Our methods

Every modeled stat on this site leans on expected goals, so here is how accurate the model actually is. Every headline number below is scored only on 251,523 held-out shots the model never saw during training (20% of all shots since 2010-11) - true validation, not the model grading its own homework. Of the shots we call ~10%, do ~10% really go in? Yes.

Holdout scope · shots unseen in training

Predicted vs actual

1.003

24,540 xG vs 24,466 goals

Brier score

0.083

lower is better

ROC-AUC

0.723

0.5 = coin flip

Held-out shots

251,523

2010-11 to present

xG bucket	Shots	Predicted	Actual
0-2%	8,567	1.4%	3.6%
2-4%	48,262	3.1%	2.6%
4-6%	44,543	4.9%	3.9%
6-8%	32,994	7.0%	6.9%
8-10%	24,494	8.9%	9.6%
10-15%	40,645	12.3%	13.5%
15-20%	26,078	17.3%	18.5%
20-30%	20,691	23.6%	23.1%
30-50%	5,225	34.8%	27.9%
50-101%	24	51.4%	37.5%

Year-by-year stability

Predicted goals (sum of xG) vs actual goals each season, still held-out shots only - the model should track reality every year, not just on average.

Season	Shots	Predicted goals	Actual goals	Ratio
2010-11	16,255	1,577	1,536	1.027
2011-12	15,745	1,532	1,370	1.118
2012-13	9,561	918	937	0.979
2013-14	15,905	1,532	1,500	1.021
2014-15	15,971	1,529	1,526	1.002
2015-16	15,920	1,523	1,404	1.084
2016-17	16,158	1,545	1,457	1.060
2017-18	17,742	1,698	1,660	1.023
2018-19	17,198	1,660	1,665	0.997
2019-20	15,259	1,478	1,472	1.004
2020-21	11,666	1,144	1,150	0.995
2021-22	17,945	1,780	1,817	0.980
2022-23	17,637	1,808	1,759	1.028
2023-24	16,983	1,667	1,709	0.975
2024-25	16,051	1,561	1,741	0.897
2025-26	15,527	1,590	1,763	0.902

In deployment.
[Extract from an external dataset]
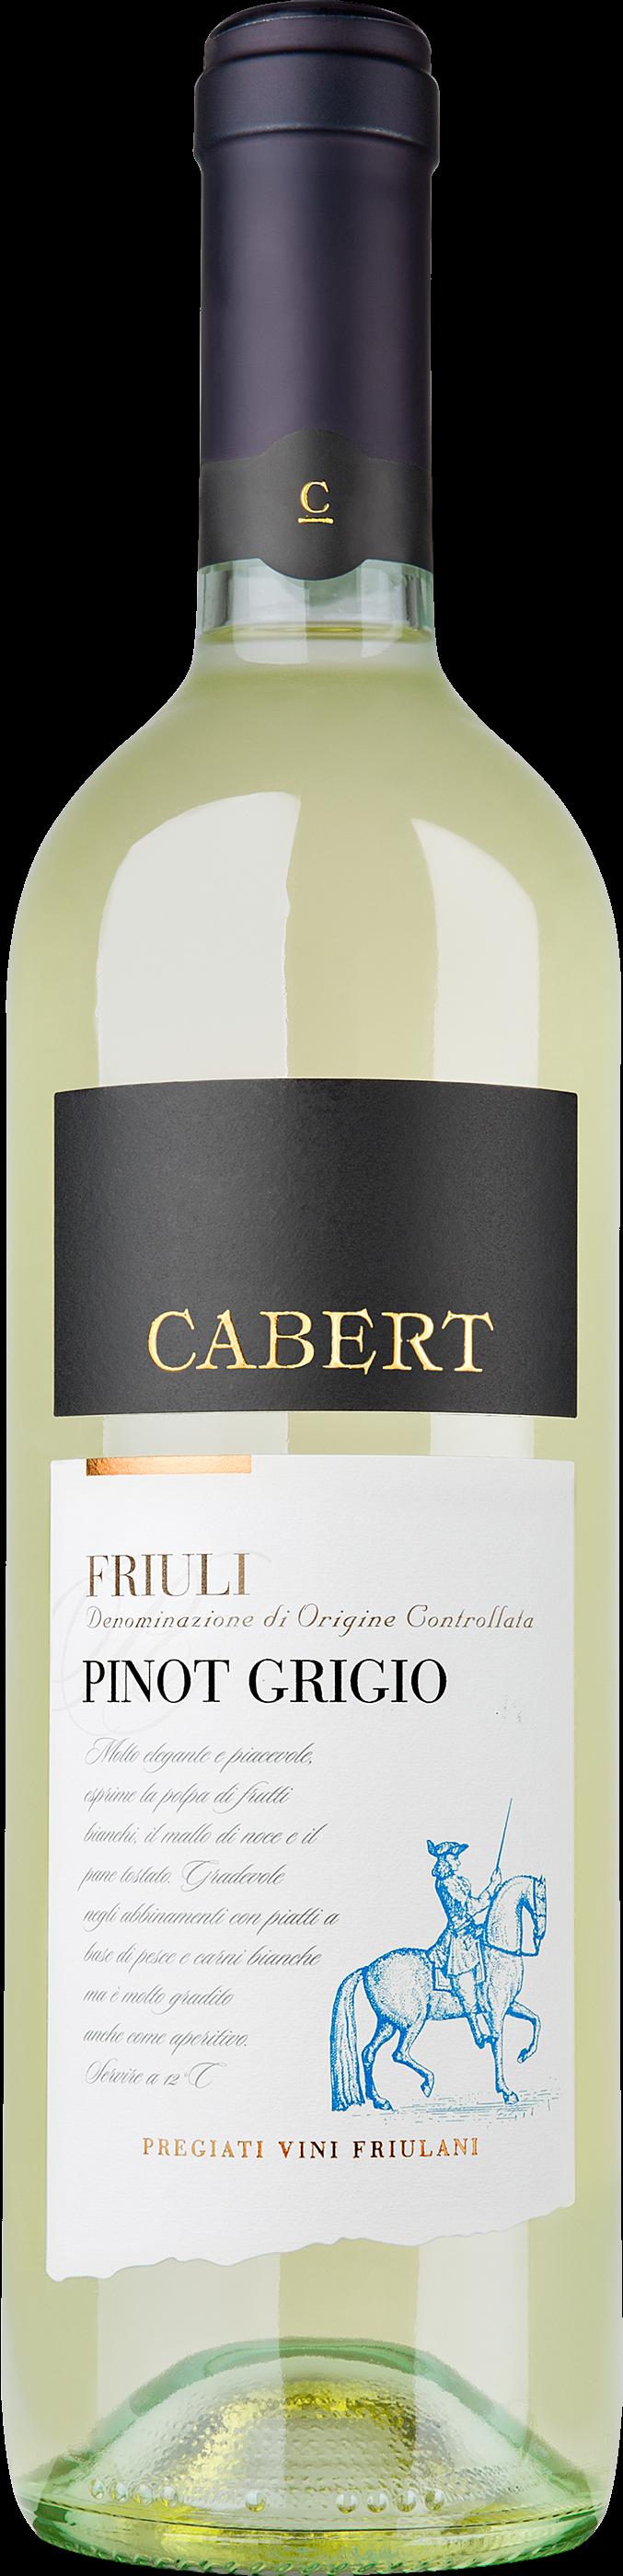 Bertiolo Pinot Grigio DOP Cabert

Across every scored shot the site actually serves (1,256,487, including the 80% the model trained on): predicted ÷ actual 1.000, Brier 0.083, ROC-AUC 0.724 - essentially identical to the holdout. A five-feature logistic model is too simple to memorize shots, which is exactly why we can trust it out of sample.

Candidate · not cut over

xG v2 temporal holdout

A richer gradient-boosted candidate is now trained against a latest-season temporal holdout. The site still serves v1 xG until the rescore and regression gate is complete.

157,558 holdout shots

Brier

0.087

v1 0.095 · -0.00845

Log loss

0.298

v1 0.328 · -0.02970

ROC-AUC

0.755

v1 0.704 · +0.0510

Predicted vs actual

0.987

v1 0.892

Headline numbers are scored on a temporal holdout - seasons withheld from training. `baseline` carries the current five-feature logistic retrained on the same split, and `deployed` covers the v2 candidate refit on every eligible shot. Downstream xG surfaces still use v1 until the full rescore/cutover gate.

Parallel rescore gate

v2 has been scored against the full shot table for drift testing. Production surfaces still read v1.

1,243,738 regular reliable shots

Total xG drift

-524.15

-0.4% vs v1

v2 total xG

121482.4

v1 122006.5

Brier drift

-0.00657

lower is better

Log loss drift

-0.02596

lower is better

Empty-net correction

+5308.35

v1 treated empty nets like ordinary shots

20252026 goalie-only drift

+179.86

non-empty-net shots only

snap correction

+3465.88

largest shot-type movement

Honest notes. The model is unbiased in aggregate (predicted ≈ actual goals) and well-calibrated across most buckets. On held-out shots it over-predicts the rarest high-danger looks (30%+, where samples are thin) and under-predicts the very lowest bucket (long-range shots score more than it expects). xG covers unblocked shots with coordinates, 2010-11 onward; it is a model, not the official record.